One of the services they provide is free SSL certificates. As part of that, they have the private key to decrypt the traffic. They aren’t trying to hide that— this is true of any service that hosts the SSL cert for your site.

Man, I thought we were done with this shit when HTTPS became standard.

With what? HTTPS has to terminate the encryption somewhere and that place has to have the private key to do so.

CloudFlare is providing the same service here as all other hosts of HTTPS websites do.

Well, depends. If it’s hosted on AWS and HTTPS terminates there like it’s supposed to, Amazon could look inside, but a human being would have to personally hack your container and extract the data, so that’s a bit better. If it’s something more like Wix, though, sure. (Is Wix still a thing?)

If you use the AWS load balancer product or their certificates, they have access to the private key, regardless of whether you forward traffic from the LB to the container over HTTPS or not.

If you terminate the SSL with your own certificate yourself, Amazon still installs the SSM agent by default on Linux boxes. That runs as root and they control it.

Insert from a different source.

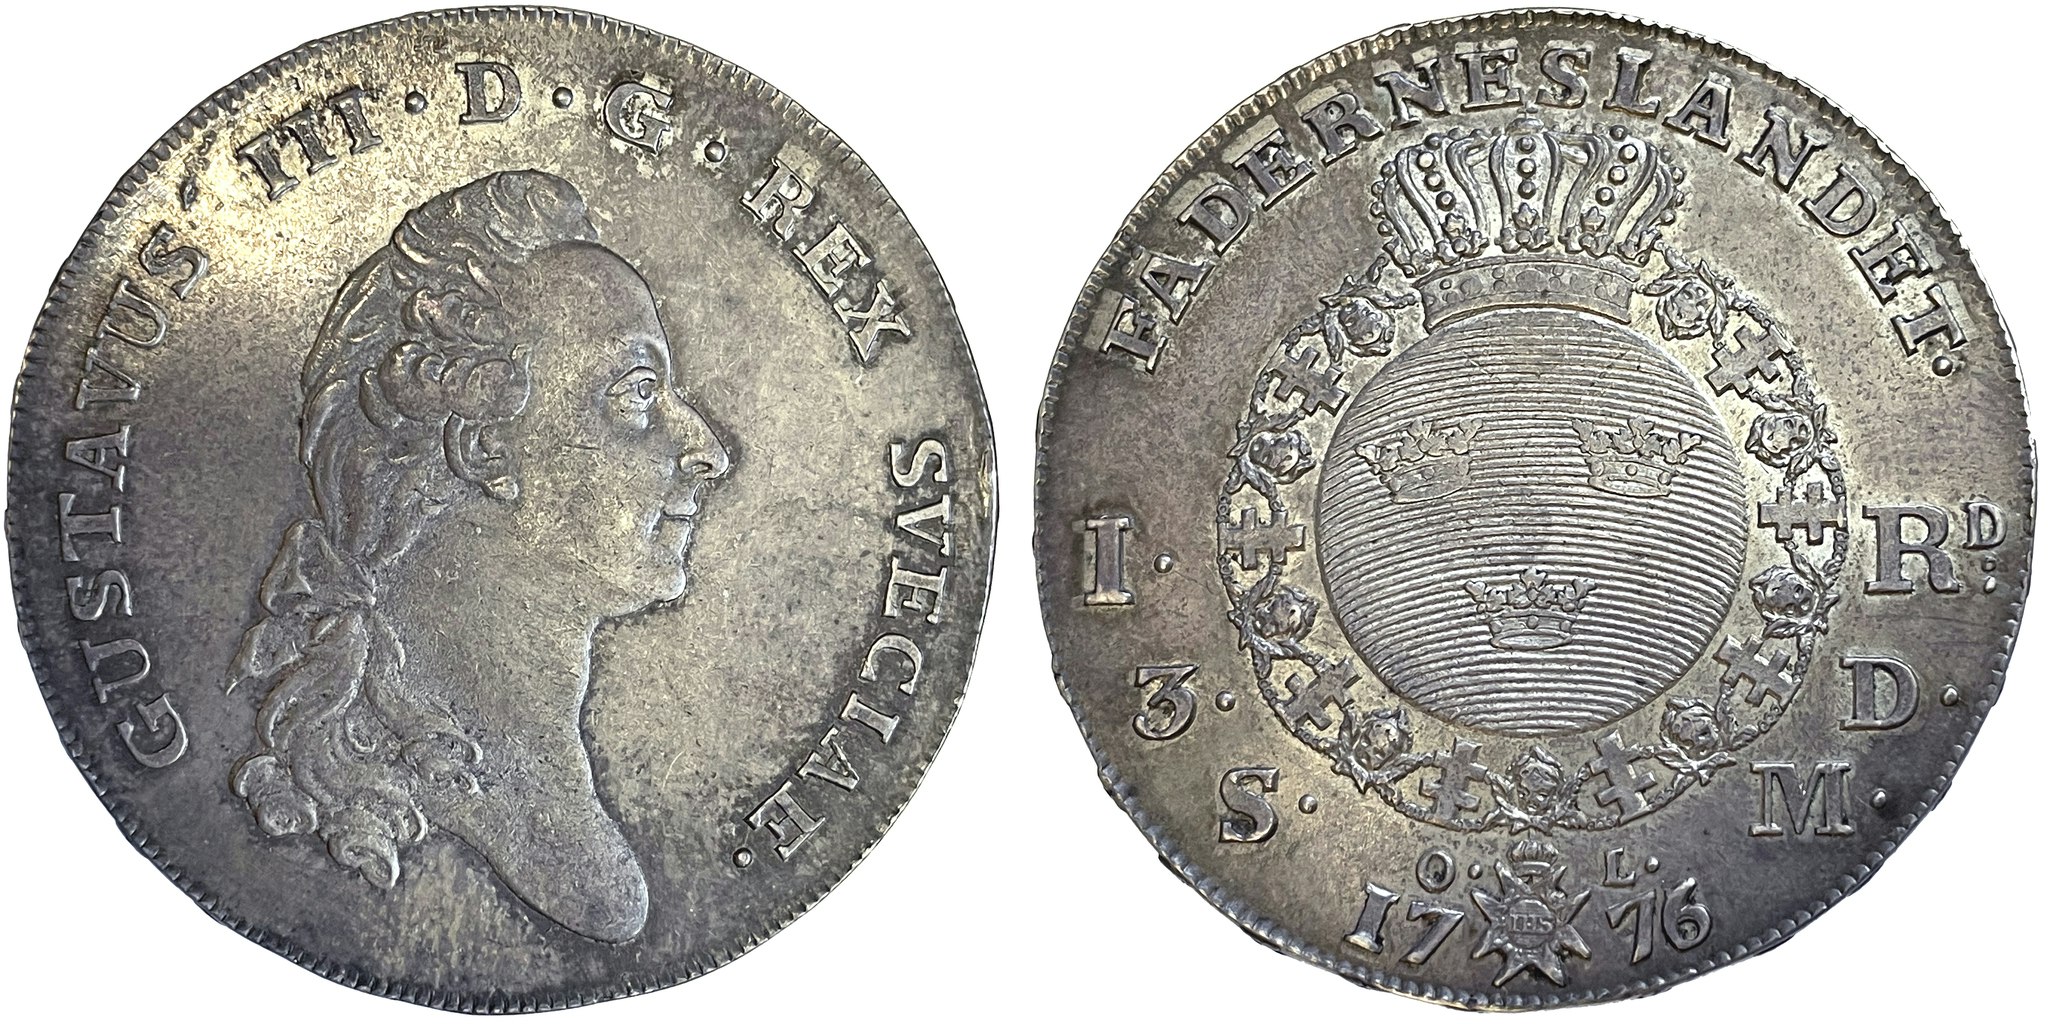 Gustav III - Riksdaler 1776 på 5 - Vackert exemplar

If you disable the SSM agent and terminate SSL within Linux boxes you control at AWS, then I don’t think they can access inside your host as long as you are using encrypted EBS volumes encrypted with your key.

Obviously, I’ve never actually done this. Good to know.

I’m starting to worry that HTTPS is entirely fake - in the sense that it’s purely decorative encryption that protects an insignificant part of the transaction. Like, maybe by design. The NSA’s been doing something all these years.

HTTPS is real and tested.

When used as intended, yes. What I mean is that in practice it may have been weakened, by promotion of services that use it in ways far from best security practices.

Does that mean it wouldn’t be an issue if you bring an SSL cert from say ZeroSSL but use Cloudflare for DNS, caching, DDoS protection etc?

For DNS and DDoS protection that wouldn’t directly be an issue.

For caching it would be breaking. You cannot cache what you cannot read (encrypted traffic can only be cached by the decrypting party).

It’s not who issues the cert that matters, it is who hosts it. Hosting it includes having the private key. You always have to trust your website host, full stop.